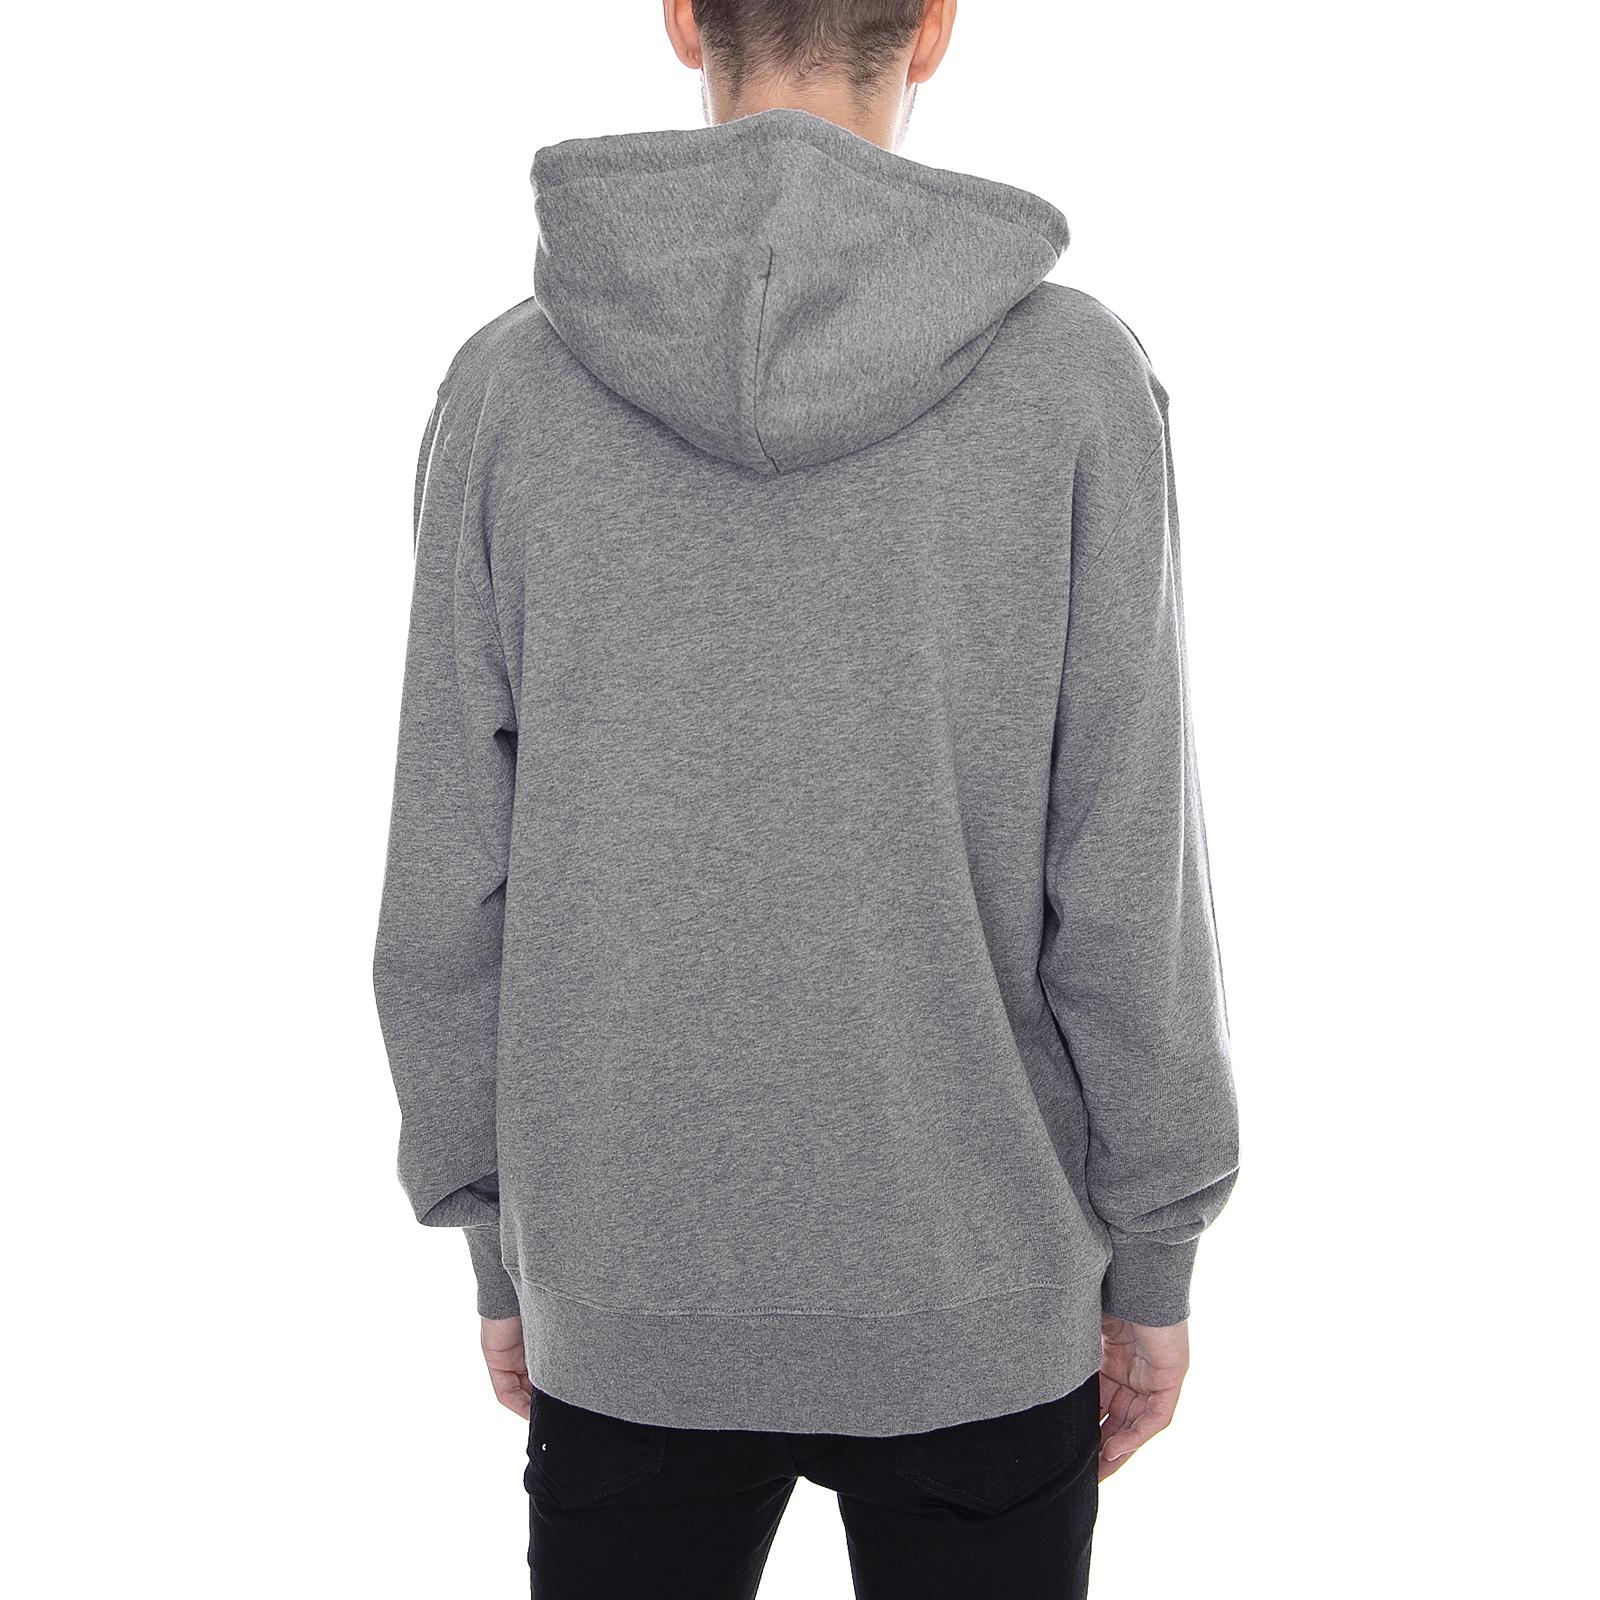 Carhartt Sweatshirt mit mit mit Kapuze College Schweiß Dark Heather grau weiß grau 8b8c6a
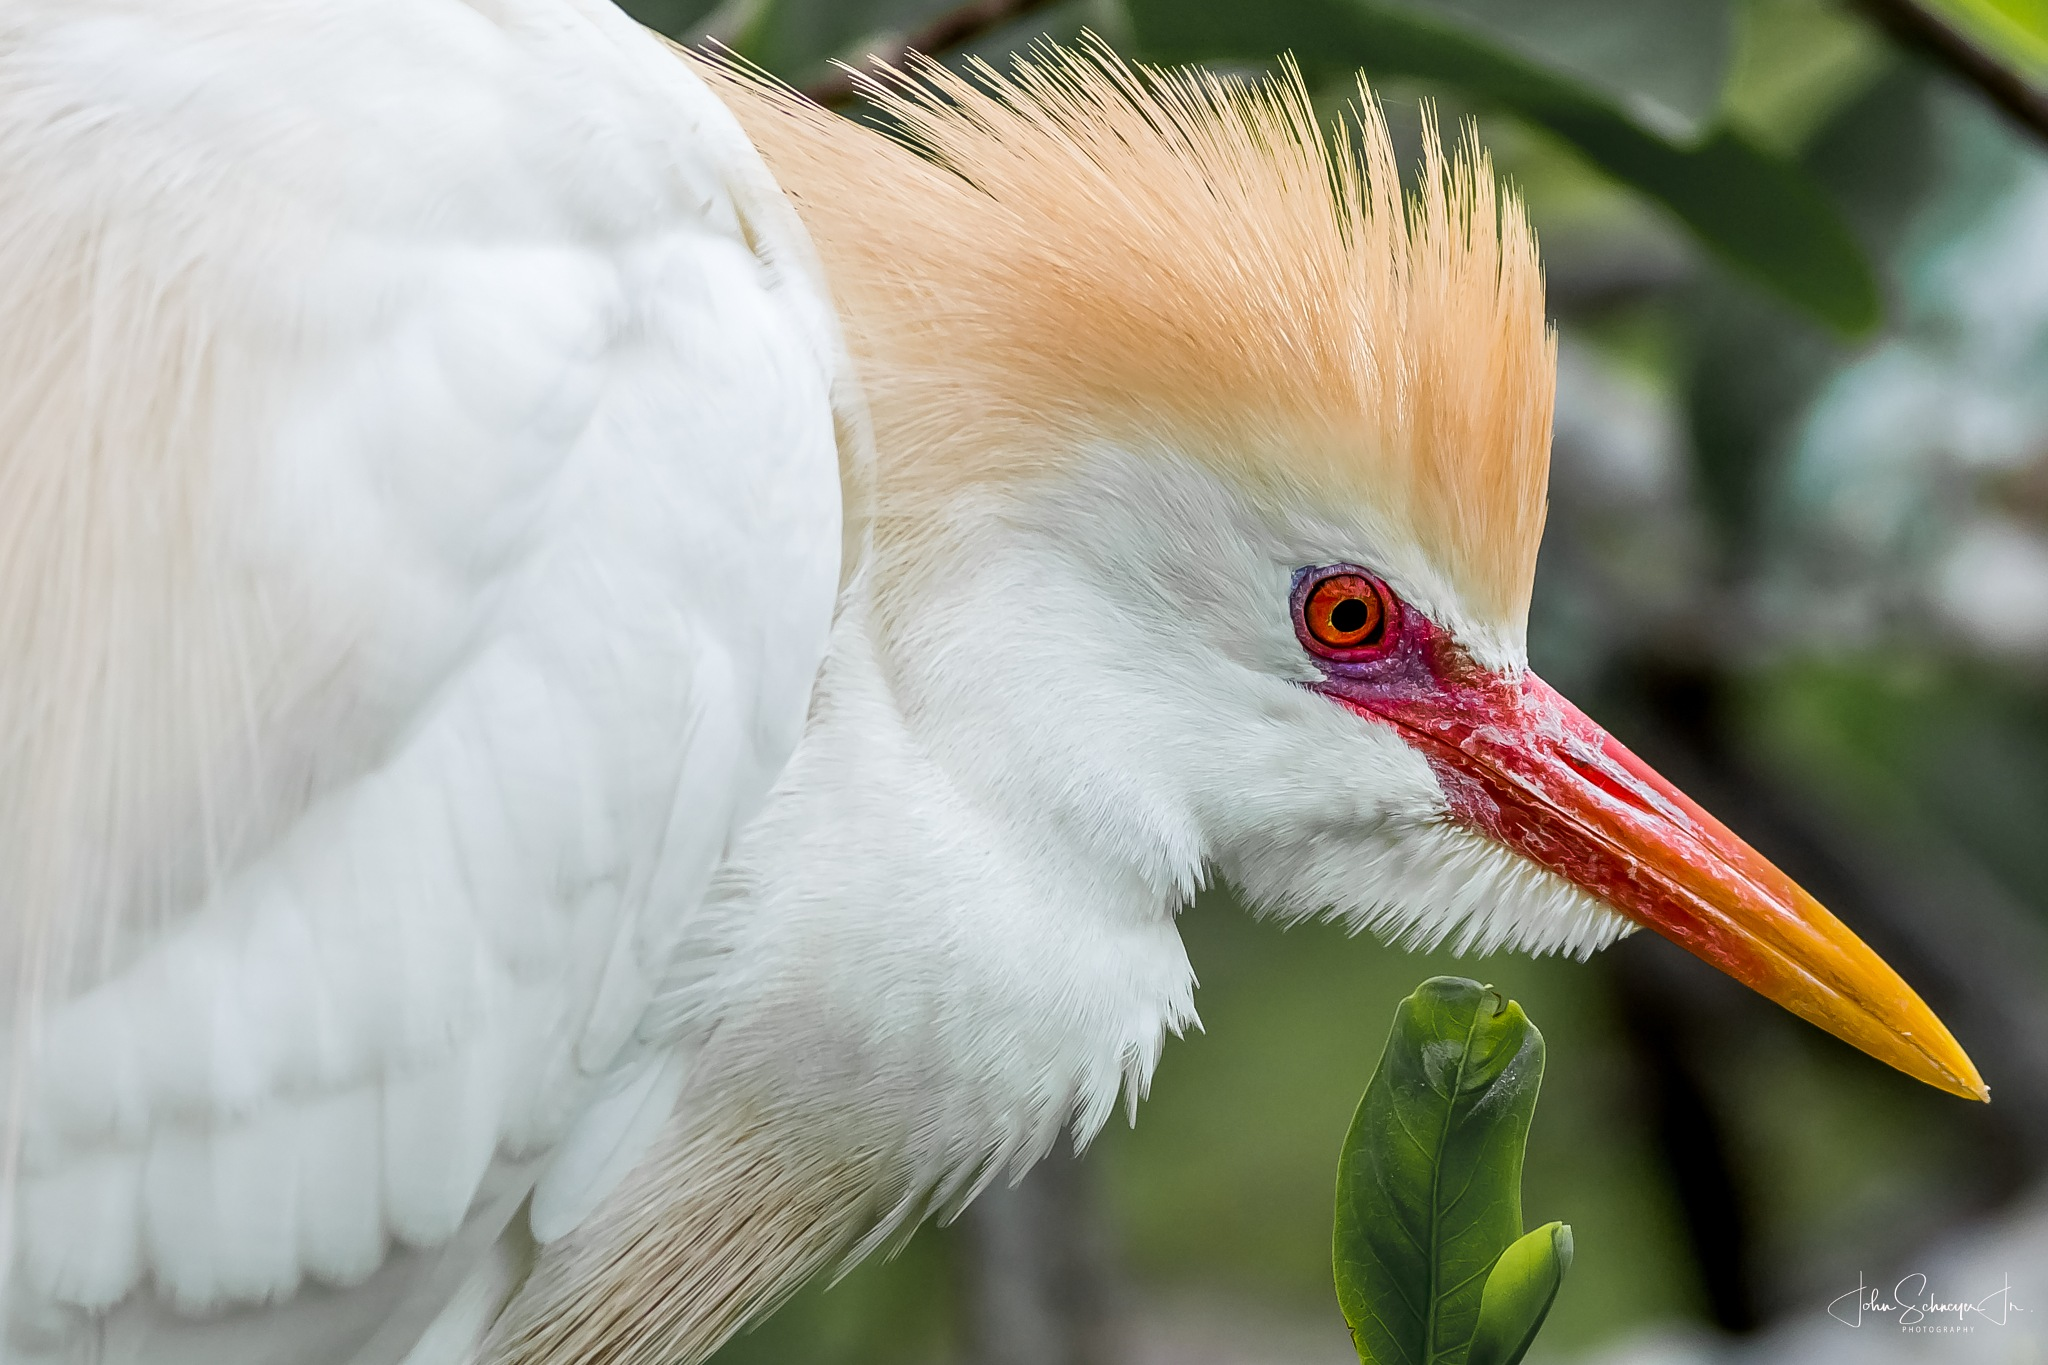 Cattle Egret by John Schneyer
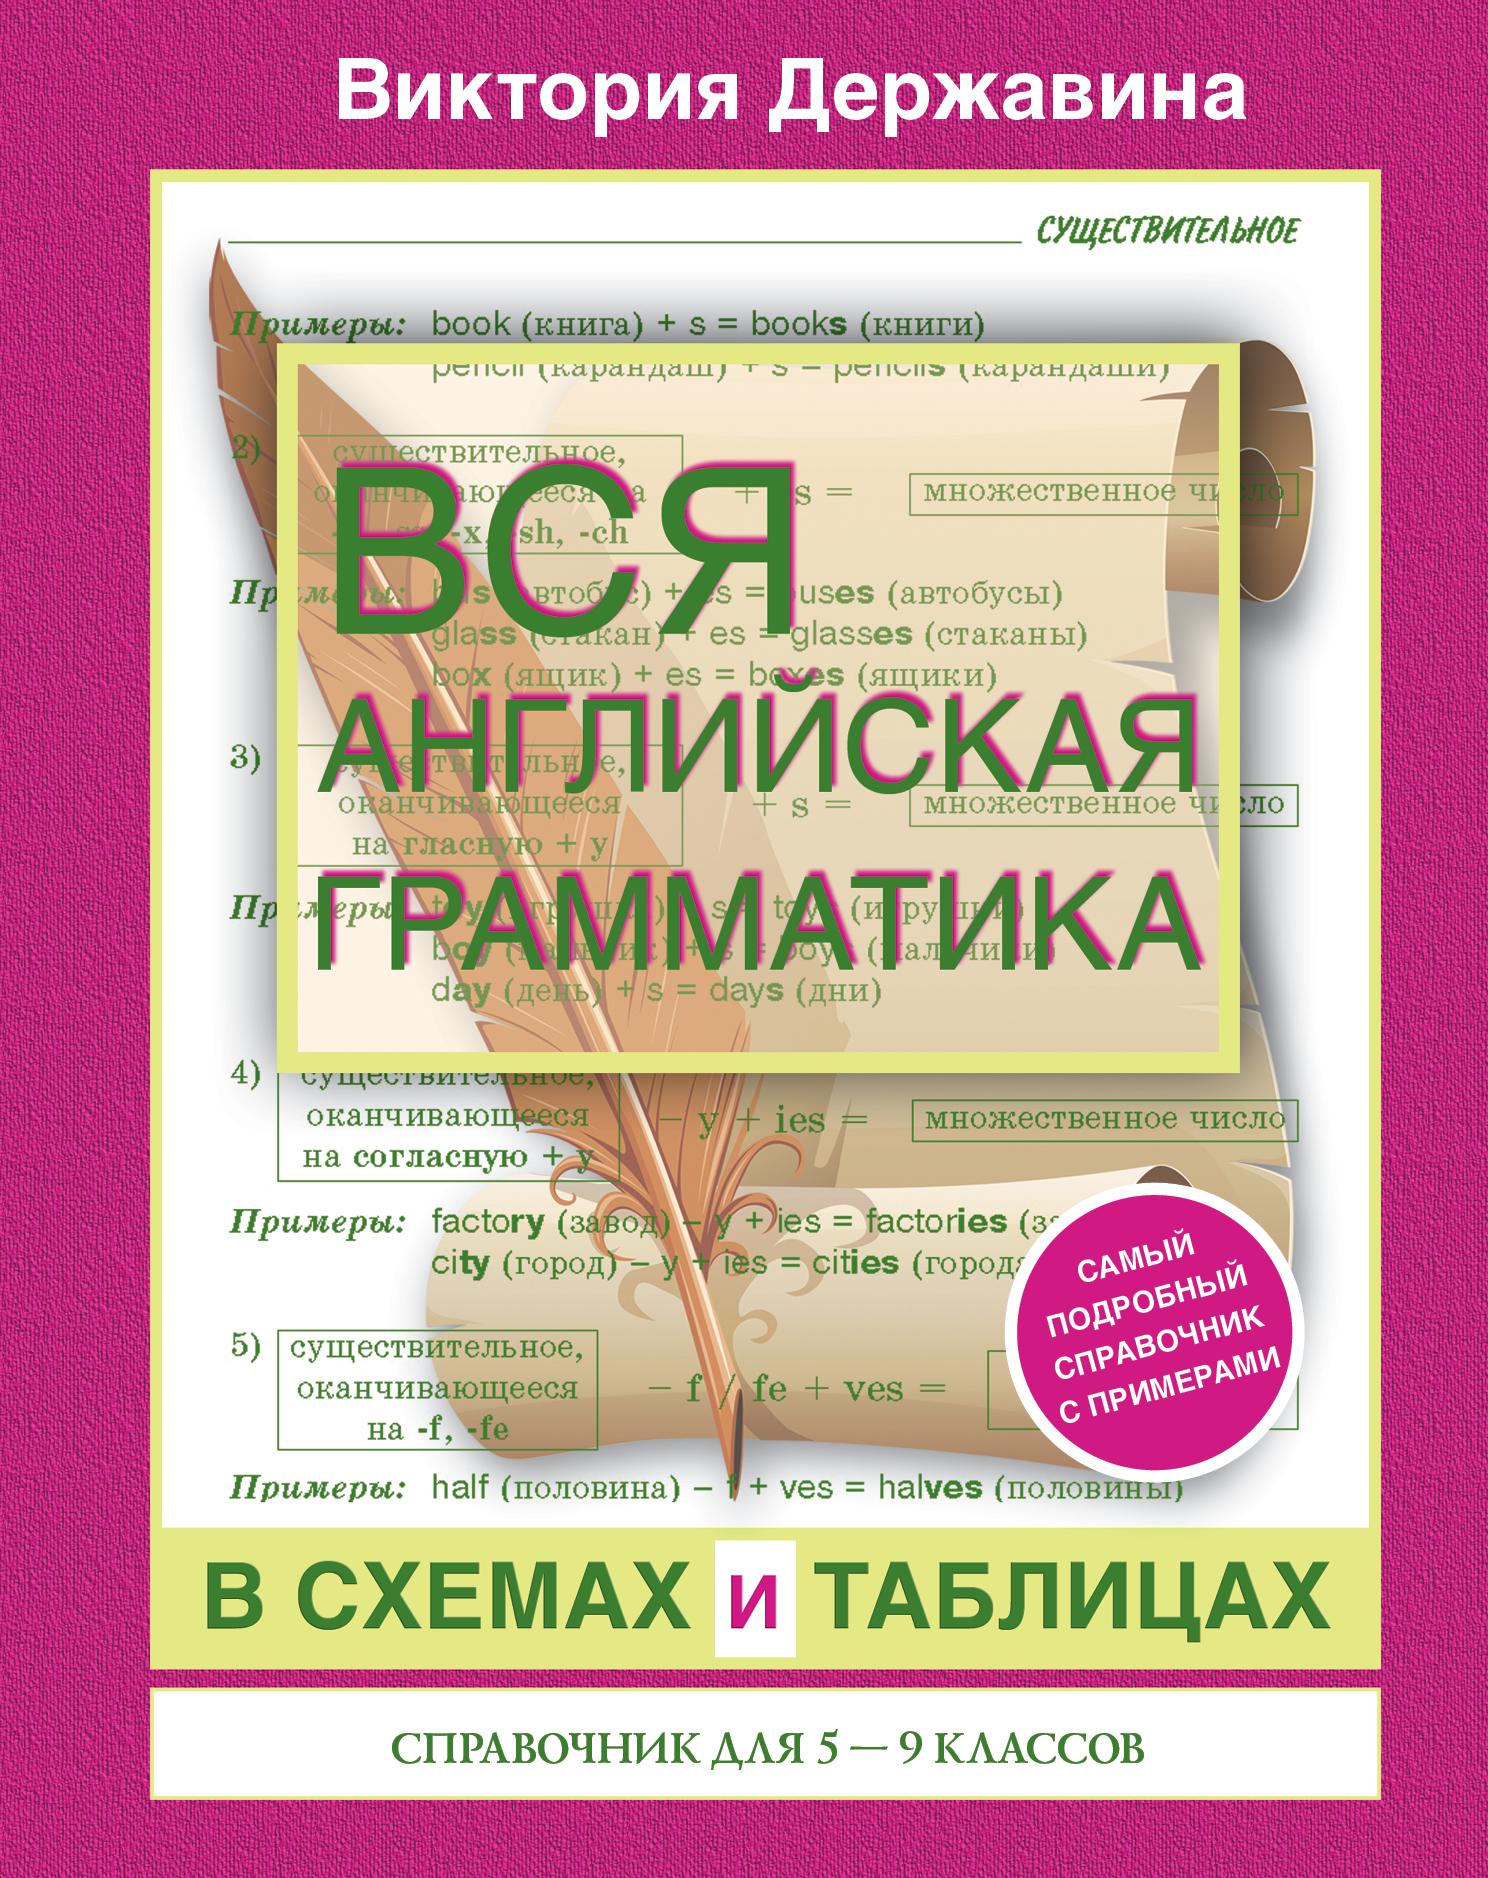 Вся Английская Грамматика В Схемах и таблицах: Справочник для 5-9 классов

------------------------------------------------

● The task
This task asks for the data above repeated exactly, without a single picture.

● Response box
 Carhartt Sweatshirt mit mit mit Kapuze College Schweiß Dark Heather grau weiß grau 8b8c6a
 Cattle Egret by John Schneyer
 Вся Английская Грамматика В Схемах и таблицах: Справочник для 5-9 классов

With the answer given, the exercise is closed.